Suppose we have 4 web pages — w1, w2, w3, and w4. These pages contain links pointing to one another. Some pages might have no link – these are called dangling pages.

  1. Web page w1 has links directing to w2 and w4
  2. w2 has links for w3 and w1
  3. w4 has links only for the web page w1
  4. w3 has no links and hence it will be called a dangling page

PageRank assumes that the rank of a webpage W depends on the importance of a webpage suggested by other web pages in terms of links to the page i.e if a webpage ‘X’ has a link to webpage ‘W’, ‘X’ contributes to the importance of ‘W’.

n order to rank these pages, we would have to compute a score called the PageRank score. This score is the probability of a user visiting that page. The initialization of the probabilities is explained in the steps below:

  1. Probability of going from page i to j, i.e., M[ i ][ j ], is initialized with 1/(number of unique links in web page wi)
  2. If there is no link between the page i and j, then the probability will be initialized with 0
  3. If a user has landed on a dangling page, then it is assumed that he is equally likely to transition to any page. Hence, M[ i ][ j ] will be initialized with 1/(number of web pages)

Finally, the values in this matrix will be updated in an iterative fashion to arrive at the web page rankings.

But how is TextRank associated with Pagerank?

TextRank also uses the same logic as in PageRank but with some changes:

  1. Text sentences are used in place of WebPages.
  2. The similarity matrix for index [A, B] is filled with similarity values between sentences A & B rather than 1/total_links from Page B to A. a. That similarity values could be depend on the count of the maximum common words in between two sentences or cosine similarity between two sentences. b. Where the term cosine similarity refers to the similarity between two vectors measured by the cosine of the angle between two vectors and determines whether two vectors are pointing in roughly the same direction,as word embedding gives the vector representation of words.

Problem Statement

A system design that could prepare a bullet-point summary by scanning through multiple articles. This is essentially a Single-Domain-Multiple-Documents Summarization task,i.e., we will take multiple articles as input and generate a single bullet-point summary.

The text summarization approach we will consider here will be extraction-based.

Dataset Description

the dataset we are using here for this problem is a CSV file that contains four different sources attributes defined as follows :

article id article title article text article source

But the centre of attraction for our problem will be the third attribute i.e, article text.
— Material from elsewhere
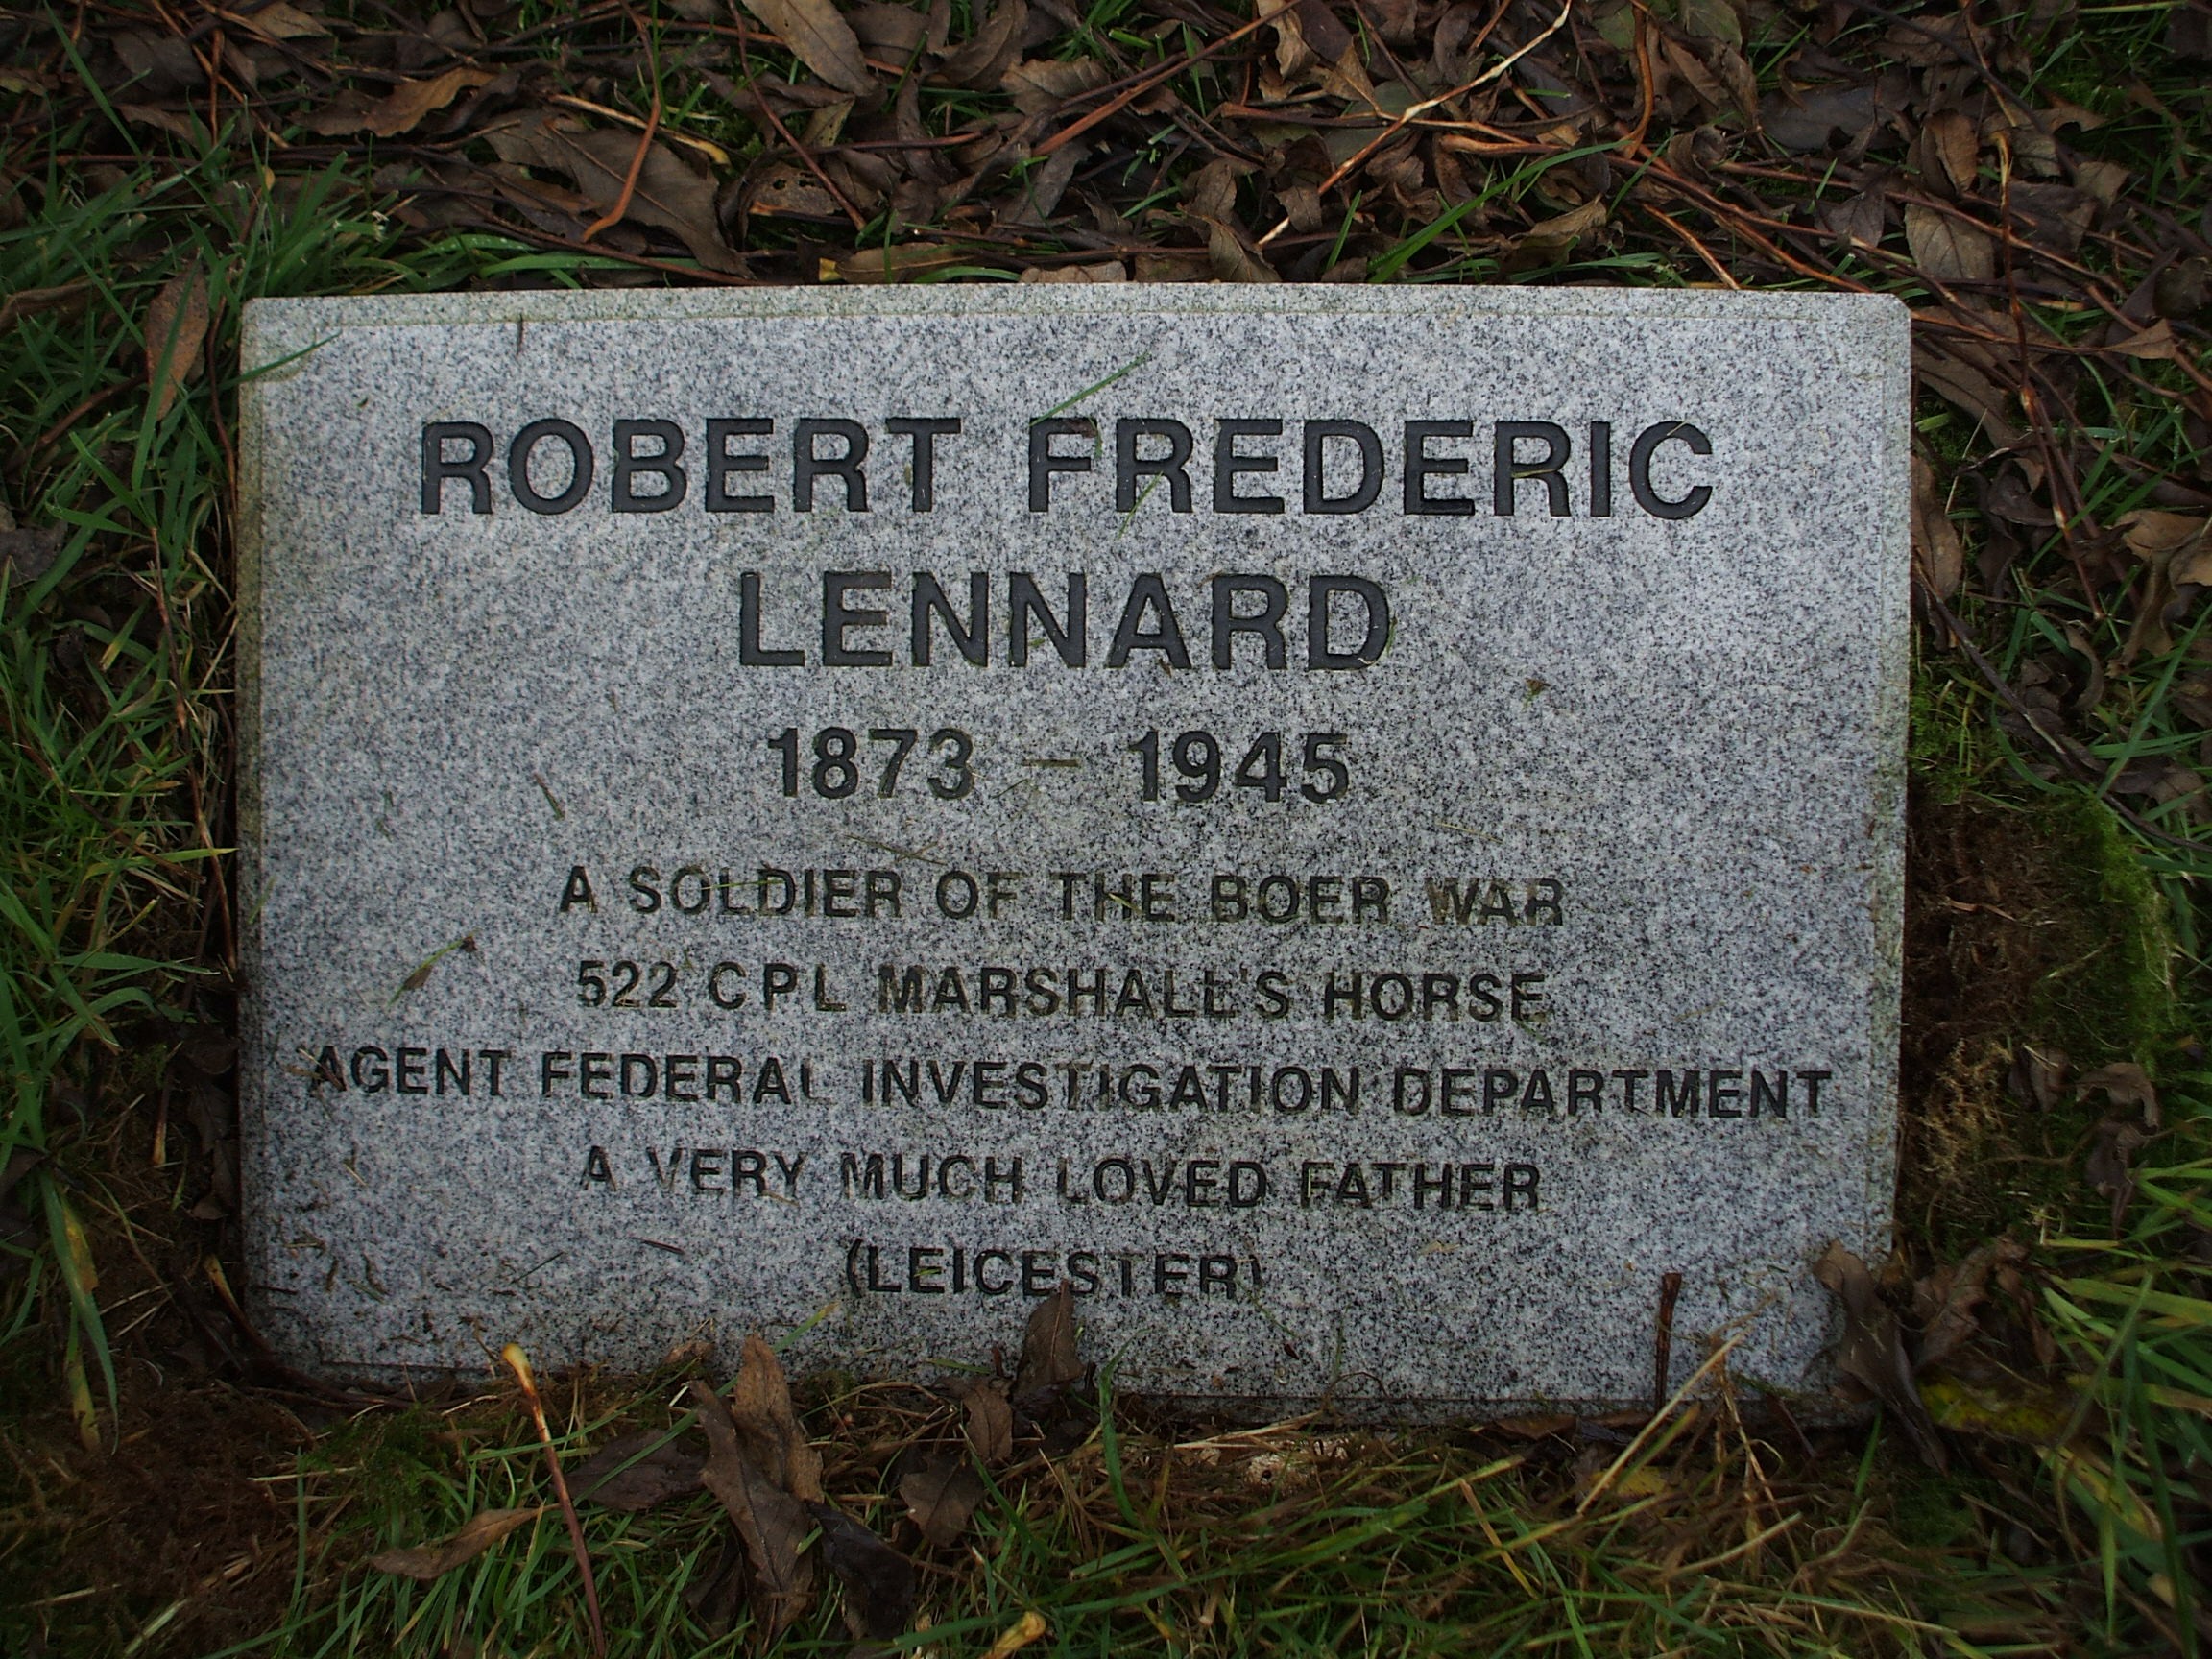 Robert Frederic LENNARD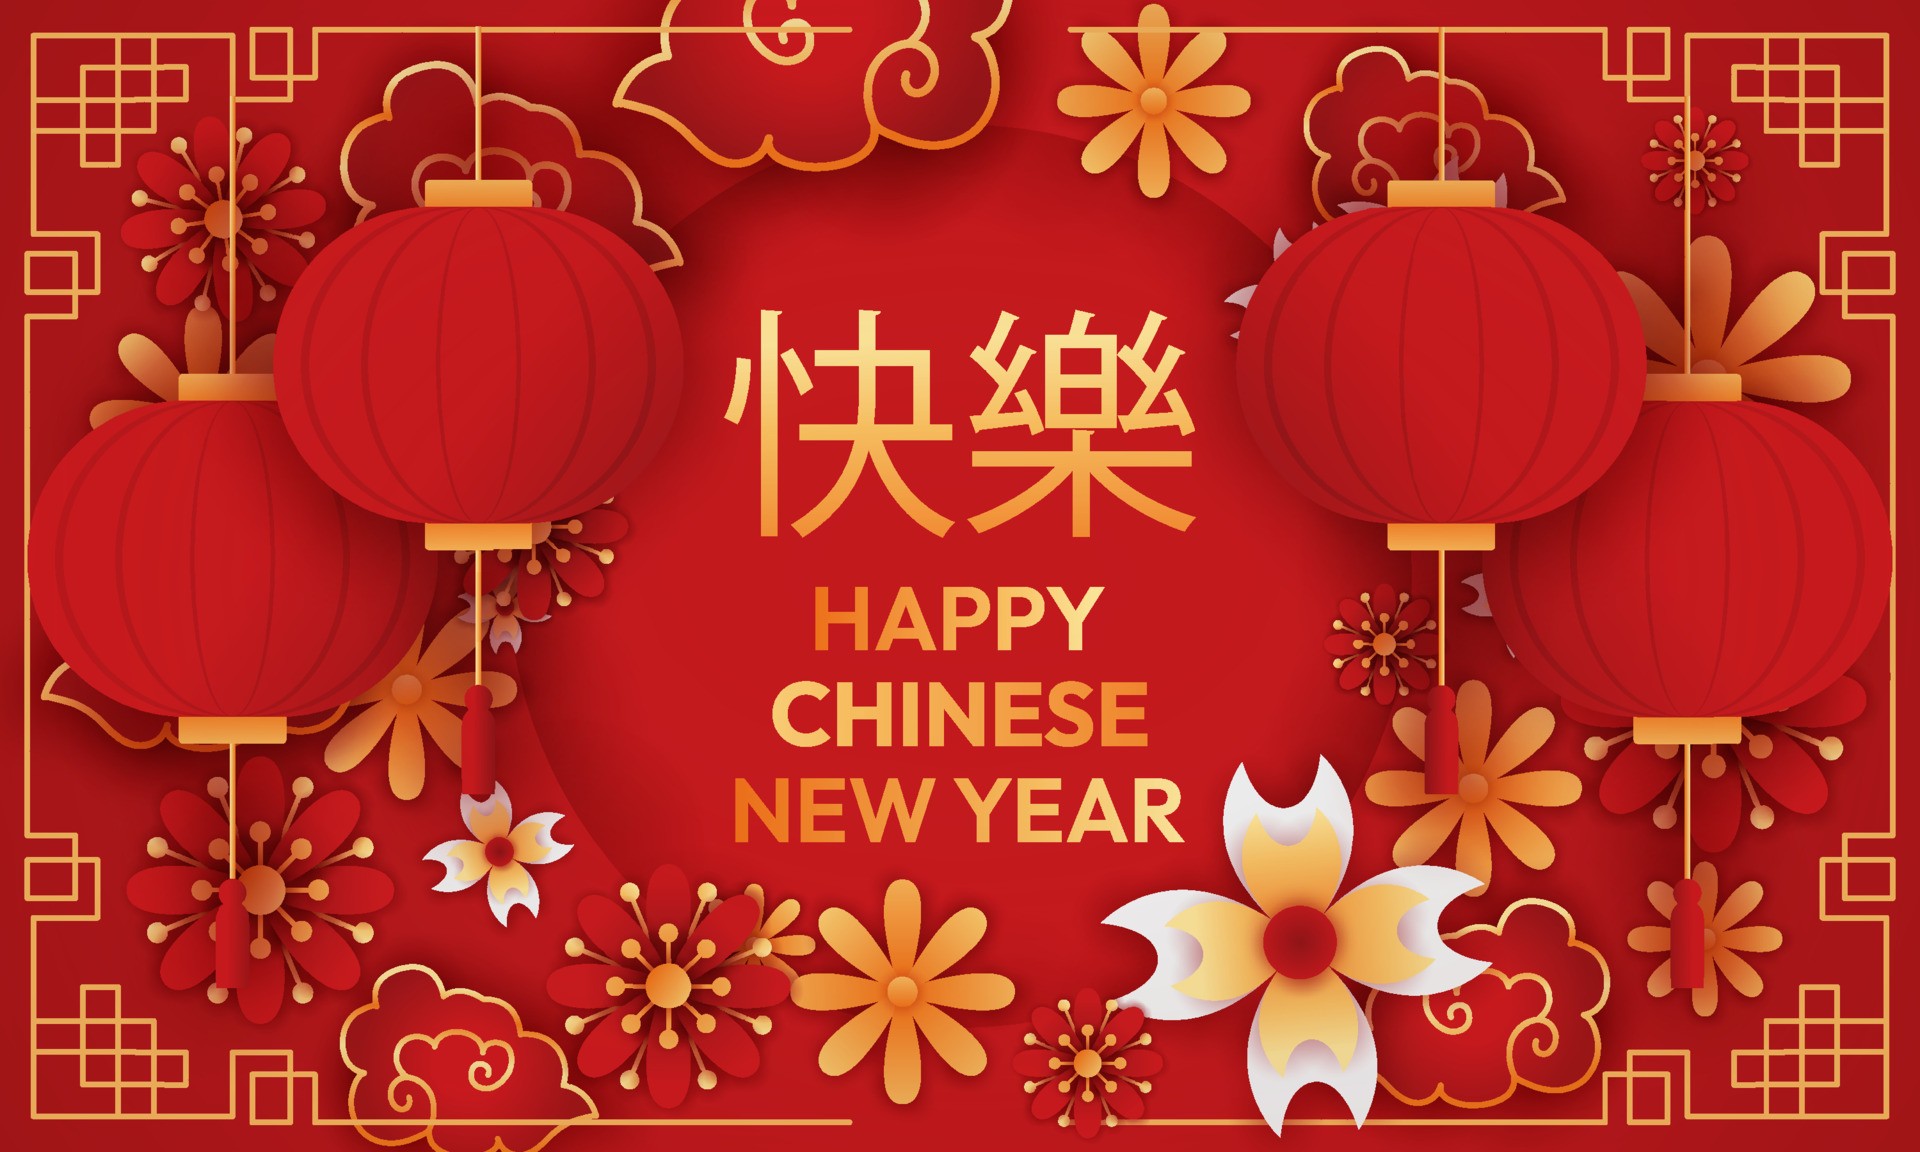 中国新年快乐红色背景插图0

We will consider the article text from all rows and combine them all to summarize into one.

Dataset Preprocessing

Import CSV data into pandas dataframe. Consider article text attribute and convert them all into a list of sentences. Remove punctuations, numbers and special characters. Make alphabets lowercase. Get rid of the stopwords present in the sentences.

Finally, we will have a list of clean sentences to create vectors for sentences in our data with the help of the GloVe word vectors.

Implementation of the TextRank Algorithm

Steps to follow after preprocessing phase: Representing sentences into vectors using the word embedding. Preparation of Similarity Matrix. Conversion of Similarity Matrix into graph/network to apply the PageRank Algorithm. Applying the PageRank Algorithm. Extracting summary using top N sentences based on their rankings.